My high school students have fallen in love with Scrabble.
My high school students, although in a creative writing class, are reluctant writers. They are not lovers of language. Some of them could not spell their way through a ransom note. Yet, they beg to play Scrabble. It is the most amazing thing to me because last year when I tried to introduce Scrabble to students at this school, they just didn't get it.
It started as a Friday activity, when classes are only 30 minutes, and then we found ourselves to the time of the year when the students--they are seniors, afterall--are just DONE. And they just want to play Scrabble. And for some reason, I was okay with that. Honestly, I was okay because I'm tapped out in finding writing topics and projects for this fickle bunch.
Anyway...
Call it word play. Vocabulary development. A cop out. Whatever. I can spin it so we can do it.
They didn't just play regular Scrabble during out little word play unit. I taught them some variations on the game, and they found some of them rather challenging.
Theme Scrabble was the first one we tried. I told students to play the game just as they normally would but to try to build words that were school-related. That night I gave extra credit to students each time they built a word related to the theme. The students were excited to earn extra credit, so that was a big motivator.

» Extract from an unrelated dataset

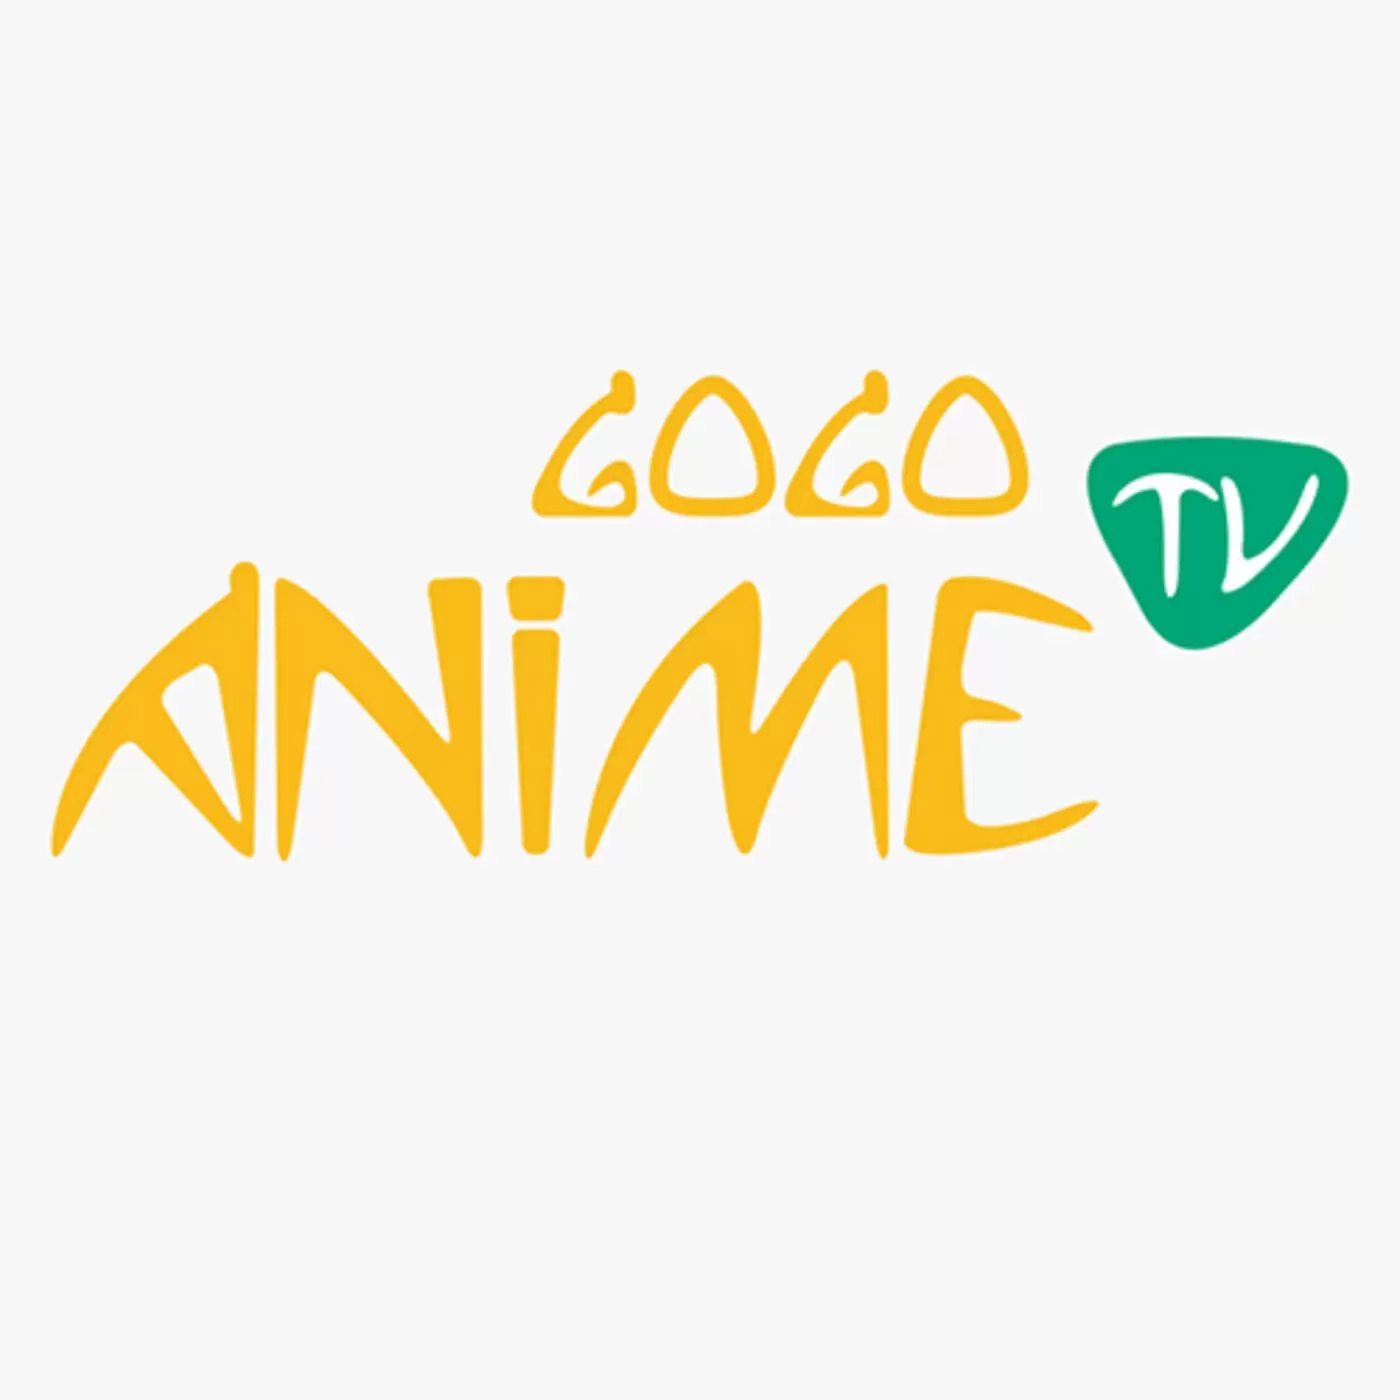 How to install GoGo Anime Kodi

Proper Scrabble should have quenched their desires to always use proper nouns, as that's ALL they could use when playing this version. Of course, it proved to be difficult, but that's the point. Think, little darlings, think!
Anagrams or Clabbers was a bit hard for them to catch onto at first. Actually, they didn't use true anagrams when coming up with their plays. They were able to simply put down the word in any order that they wanted. This made them think about strategy a bit because they were able to put down high-point tiles on the bonus spaces.

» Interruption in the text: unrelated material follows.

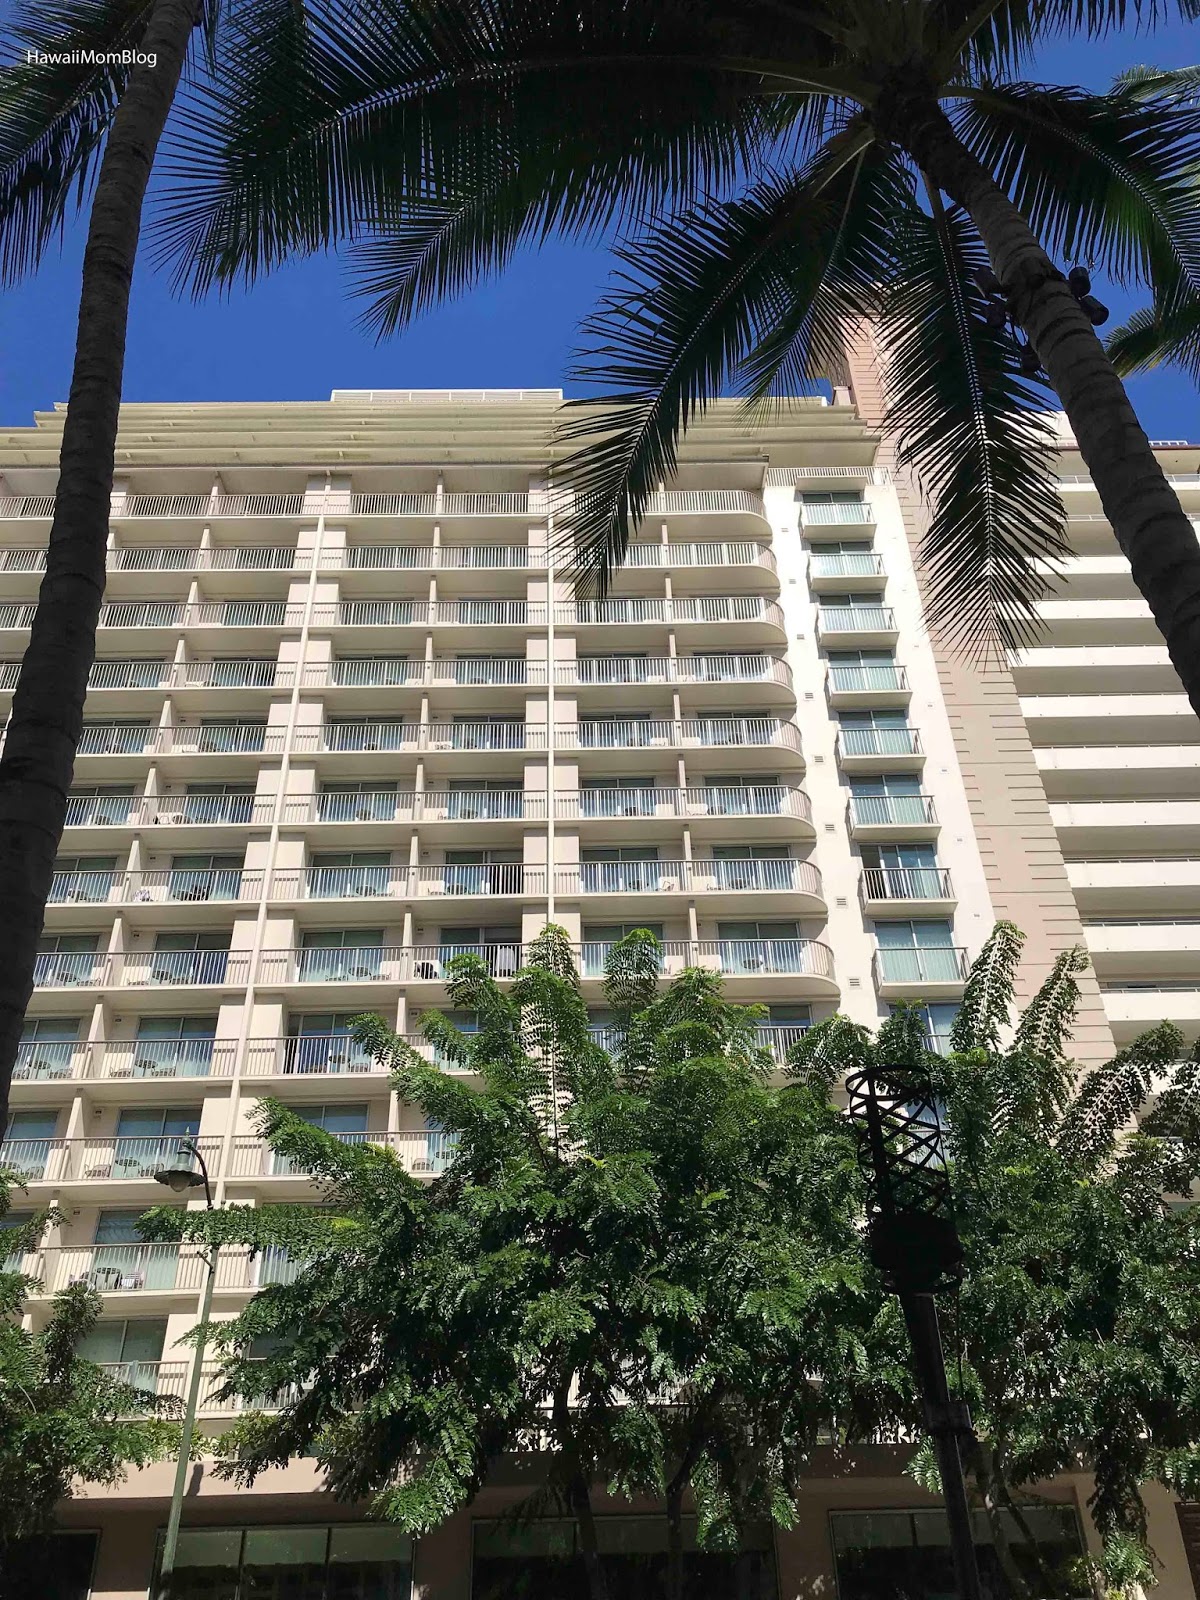 Hawaii Mom Blog Hilton Garden Inn Waikiki Beach Review

Tonica was interesting because all the tiles were divided up at the beginning of the game, and those were the tiles they had to work with during the whole game. I told students that they could still get the "bingo" for having words with 7 or more letters, so of course, the scores were high for the game. I was interested in seeing the various strategies. One group just played as usual, but another team spent most of their time with their noses in dictionaries trying to come up with the longest words possible. Nose in a dictionary? Seriously. Wow.
After a few days of this, of course, the most natural thing for me to do was to ask each team to make up their own variation of the Scrabble game and then give it to another team to play. The day we played the student-made variations, I only had students enough for 2 teams, so I am not sure what all the game variation ended up being, but here are some of their ideas:
- all tiles passed out, and the person who has a word with a z ready to play starts the game
- players have enough tiles to fill the tray at all times
- all words put down can only be animals or colors
- all words can only be placed backwards on the board
- drink theme--drink names get 50 extra points (I was fearful of this risky topic, but surprisingly, they did not pervert the game at all.)
- bonus point squares are only good if the word is a drink, otherwise, points are normal
- a player can trade hands (or rack of tiles) with another player at any time if an agreement is reached
I know I don't have much time to play such games in my regular English classes, so this is really only a wacky kind of thing I could have some leeway with in creative writing. I've just been in awe how attentive my students have been--not to mention how much thinking they've actually been doing in the name of playing games.